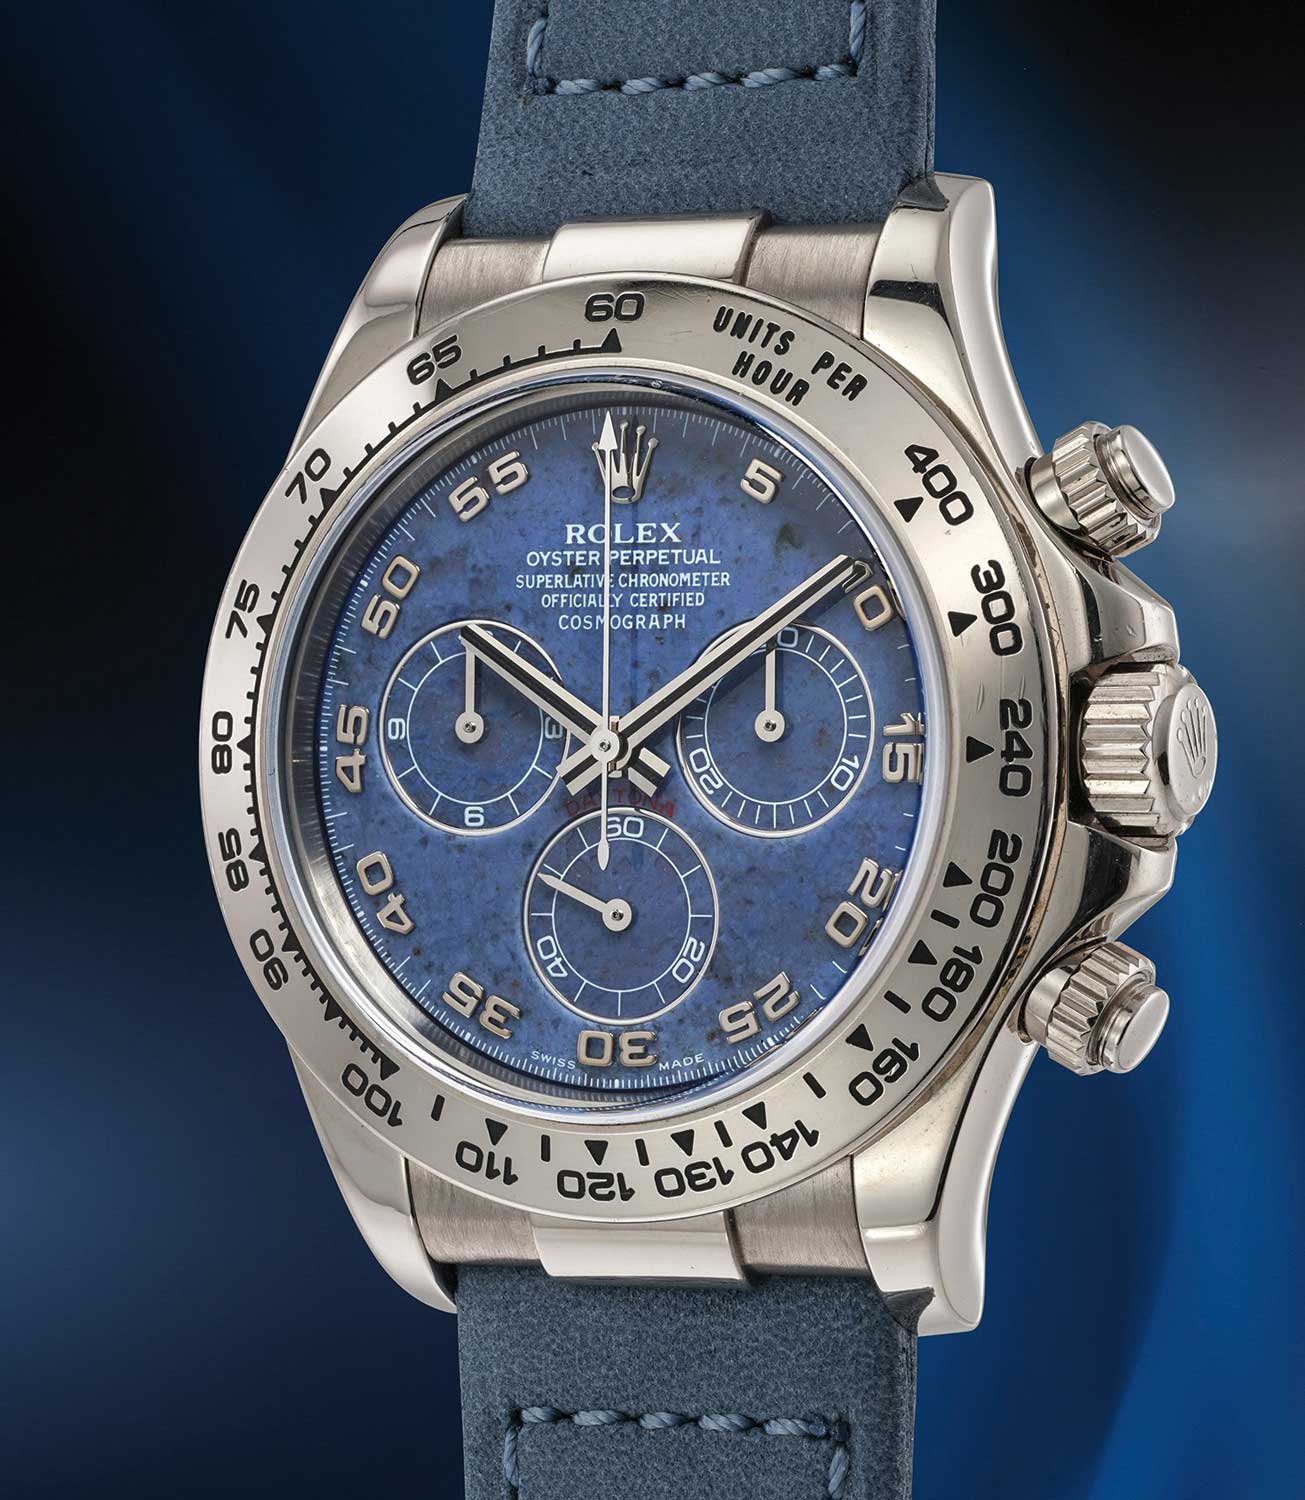 Lot 220: Rolex Ref. 116519 (Image: Phillips Watches)
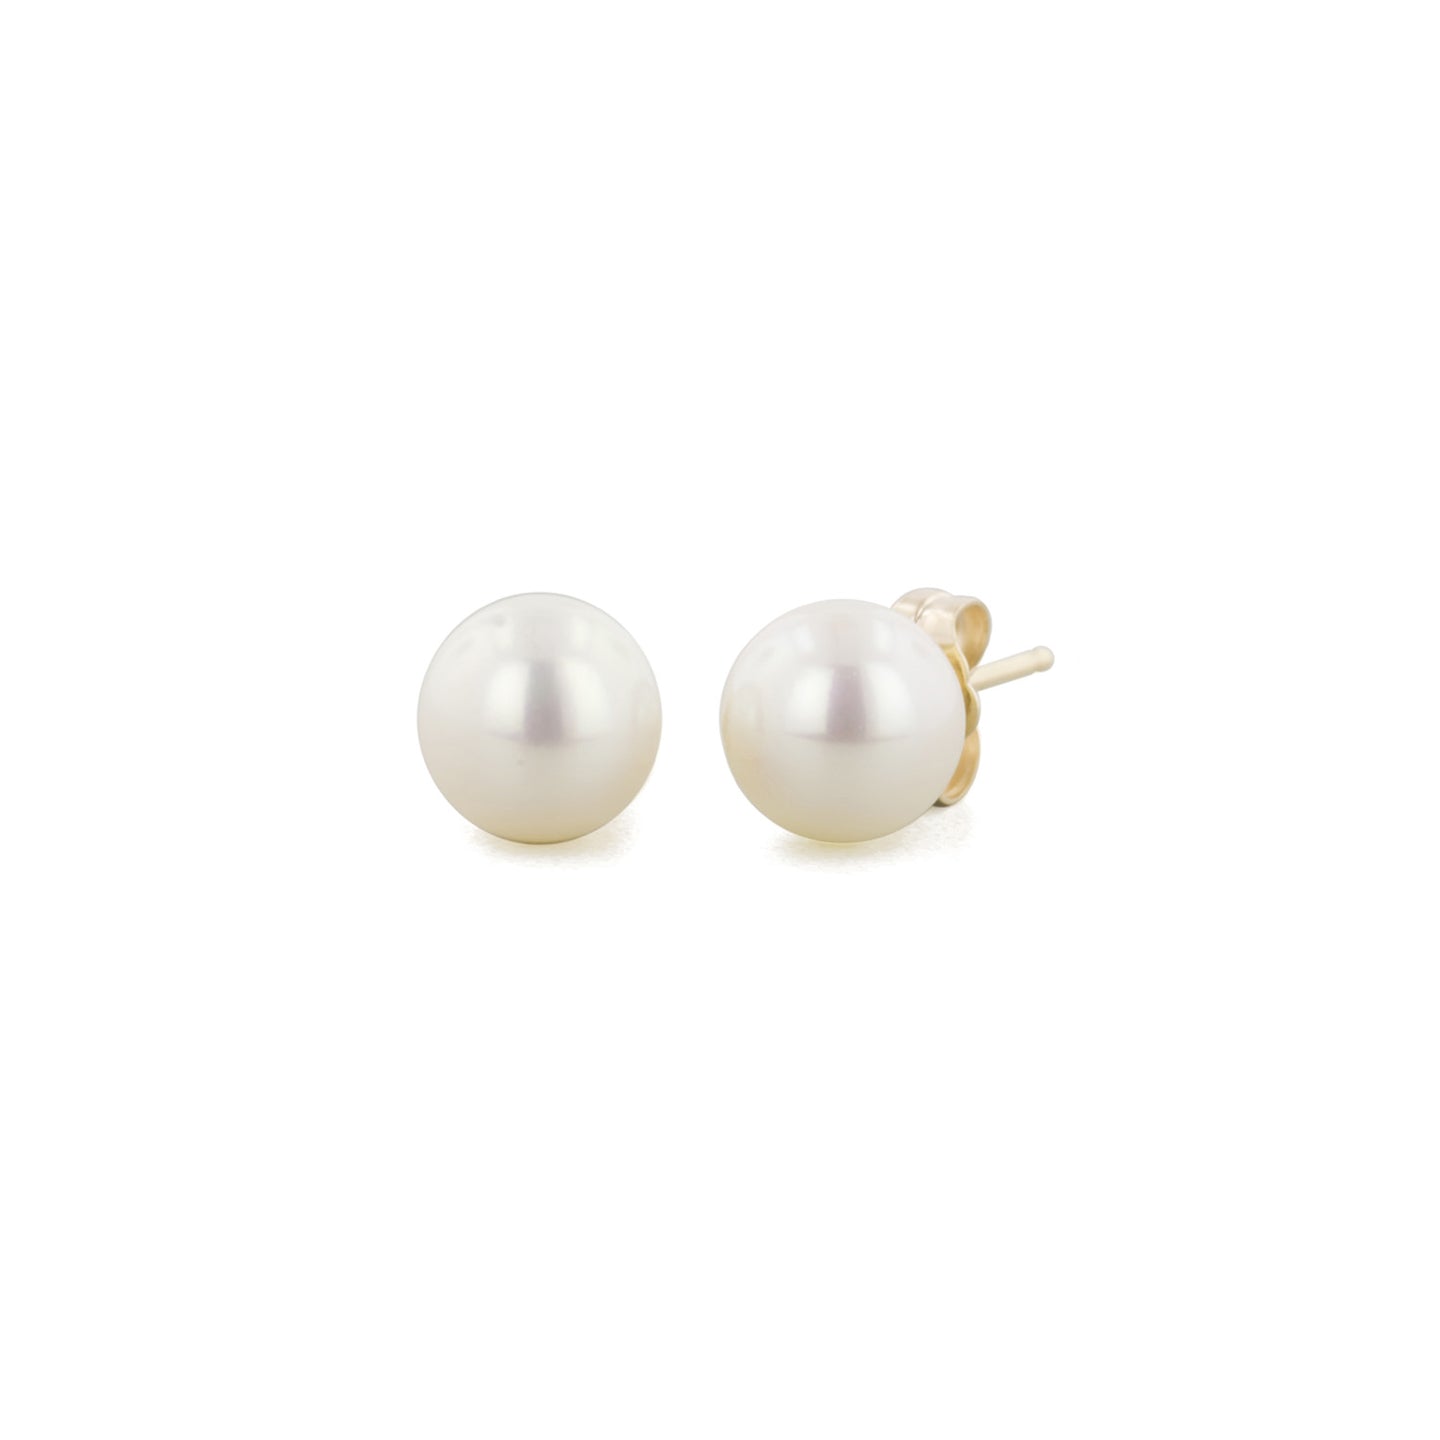 Sabel Pearl Near Round Pearl Earrings in 6mm
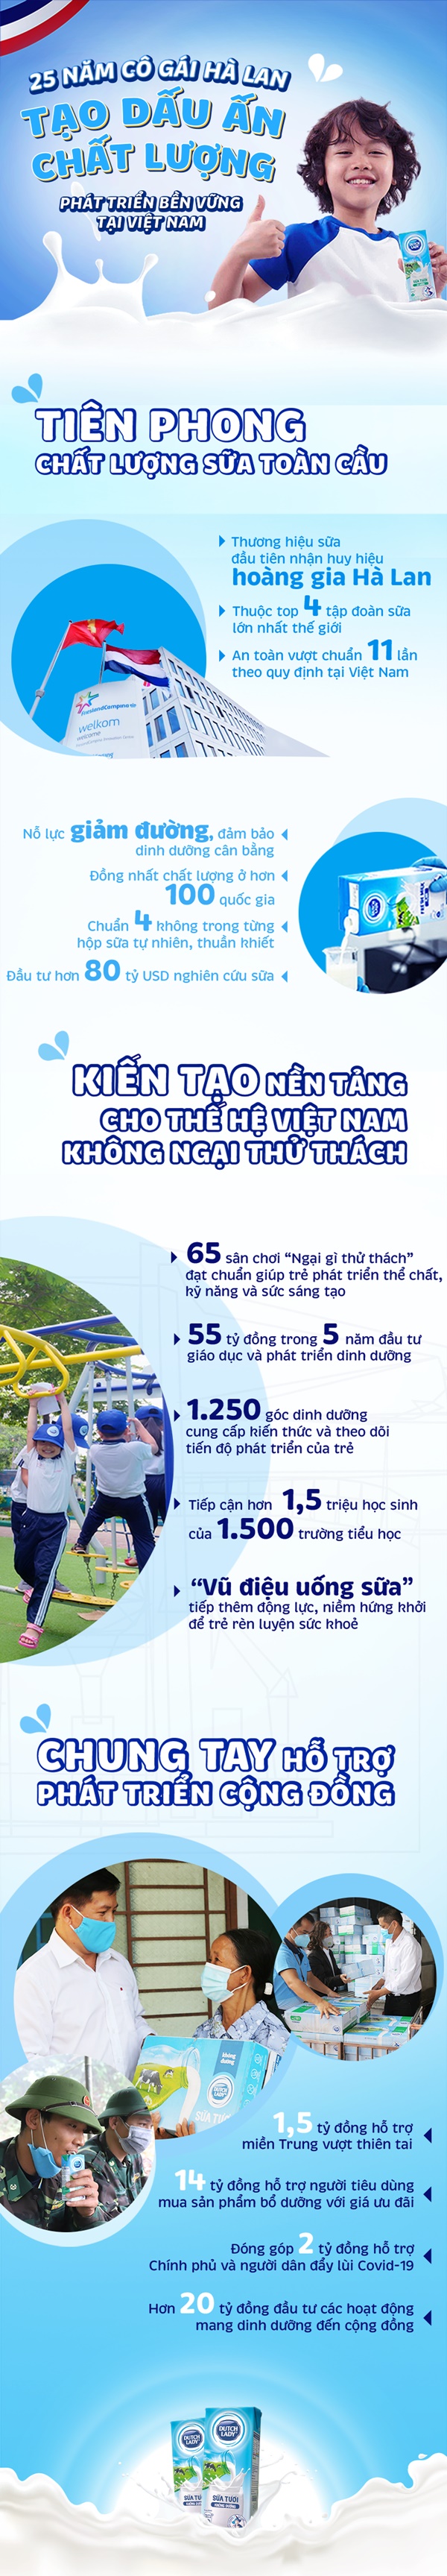 21Apr2021_25 nam CGHL tai Vietnam_Infographic
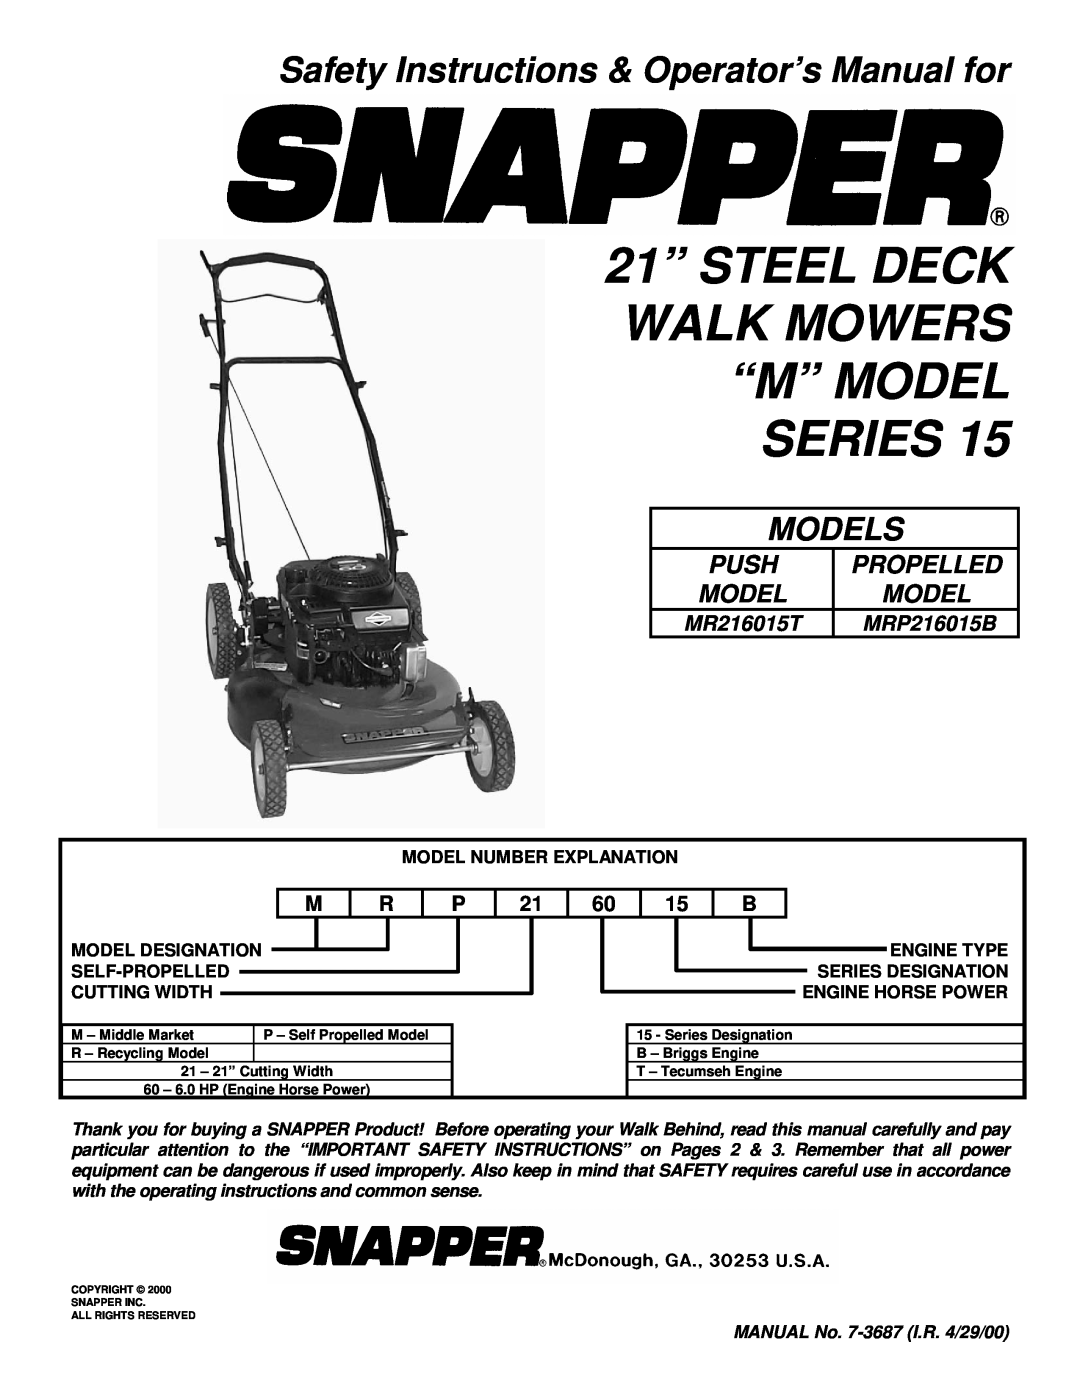 Snapper MRP216015B important safety instructions 21” STEEL DECK WALK MOWERS “M” MODEL SERIES, Models, Push, Propelled

» WHAT YOU WILL DO
Exactly the lines from the one containing "21Apr2021_25 nam CGHL" through the last line of the material above, both included and free of pictures, should make up your answer, please.

» SOLUTION FOR THIS PROBLEM
 21Apr2021_25 nam CGHL tai Vietnam_Infographic
 Snapper MRP216015B important safety instructions 21” STEEL DECK WALK MOWERS “M” MODEL SERIES, Models, Push, Propelled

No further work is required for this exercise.